Computes the multiview spectral clustering of data on a list of matrices or distance matrices (or a mix of both), supposed to be different views of the same data. In the case of plain data matrices, euclidean distance will be used to generate distance matrices for that data view.

Notes

All input views must have the same number of samples (rows).

Parameters:
  • k (int) – Number of desired clusters.
  • sigmas (Either None, an integer value or a vector of int, default: None) – They correspond to the sigma parameter in the Gaussian radial basis function. If it is None then the default sigma computation is used (average distance to the log(n)-th neighbour, with n = number of samples), unless neighbours has a value different from None. If it is a single number then the same sigma is applied to all input views. If it is a vector each value in it is applied to the corresponding input view.
  • neighbours (Either None, an integer value or a vector of int, default: None) – They correspond to the expected number of neighbours per point, used to estimate the sigma values of the Gaussian radial basis function. If it is NULL then the default sigma computation is used (average distance to the log(n)-th neighbour, with n = number of samples). If it is a single value then the same number of neighbours is used on all input views, else each value in the vector is applied to the corresponding input view. Does not have effect if sigma is different from None.
  • clustering (boolean) – Tells mvsc if it has to perform the clustering on the projection or to skip the clustering step of the algorithm.
embedding_

ndarray – Clustering of the nviews input data.

evalues_

ndarray – Eigenvalues computed during spectral clustering.

evectors_

ndarray – Eigenvectors computed during spectral clustering.

sigmas_

ndarray – Best sigmas used for calculating Gaussian similarity.

References

Ng, Andrew Y, Michael I Jordan, and Yair Weiss. 2001. “On spectral clustering: Analysis and an algorithm.” Nips 14 (14). MIT Press: 849–56. doi:10.1.1.19.8100.

Planck, Max, and Ulrike Von Luxburg. 2006. “A Tutorial on Spectral Clustering A Tutorial on Spectral Clustering.” Statistics and Computing 17 (March).

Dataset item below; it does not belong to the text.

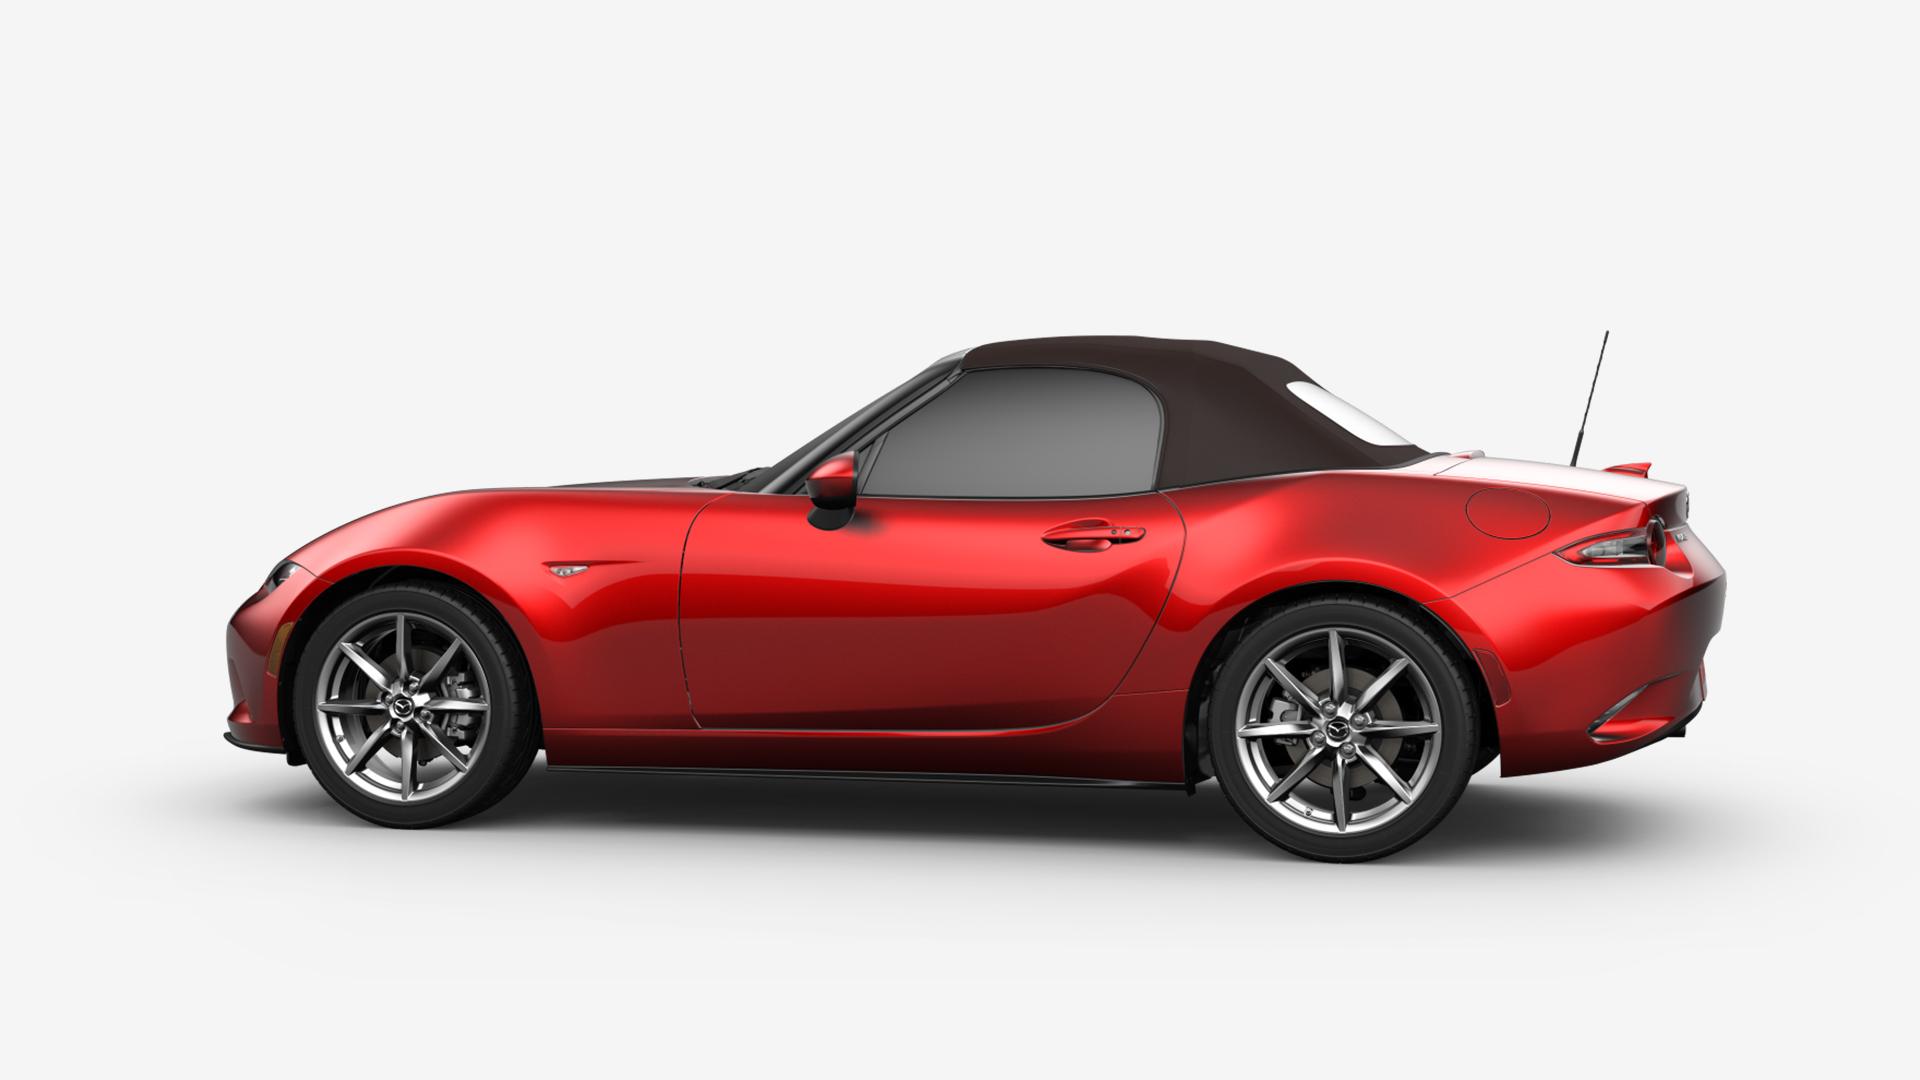 New Mazda Miata >> 2019 Mazda Mx 5 Miata Convertible Roadster Mazda Usa

Springer US: 395–416. doi:10.1007/s11222-007-9033-z.

Shi, Jianbo, and Jitendra Malik. 2005. “Normalized Cuts and Image Segmentation Normalized Cuts and Image Segmentation.” Pattern Analysis and Machine Intelligence, IEEE Transactions on 22 (March): 888–905. doi:10.1109/CVPR.1997.609407.

Trendafilov, Nickolay T. 2010. “Stepwise estimation of common principal components.” Computational Statistics and Data Analysis 54 (12): 3446–57. doi:10.1016/j.csda.2010.03.010.

fit(x, is_distance)

Computes the multiview spectral clustering and return the clustering, eigenvalues, eienvectors and sigmas used in the computation.

Notes

All input views must have the same number of samples (rows).

Parameters:
  • x (list) – A list of feature matrices or distance matrices (or a mix of both).
  • is_distance (array-like.) – A list or array which indicates whether a matrix with the same index in x is a distance matrix (true value) or not (false value).
  • k (int) – Number of desired clusters.
fit_transform(x, is_distance)

Computes the multiview spectral clustering and return the clustering, eigenvalues, eienvectors and sigmas used in the computation.

Notes

All input views must have the same number of samples (rows).

Parameters:
  • x (list) – A list of feature matrices or distance matrices (or a mix of both).
  • is_distance (array-like.) – A list or array which indicates whether a matrix with the same index in x is a distance matrix (true value) or not (false value).
Returns:

A tuple with four elements:

clustering is a vector of integers with the clustering assignment of each sample (not included if clustering = FALSE)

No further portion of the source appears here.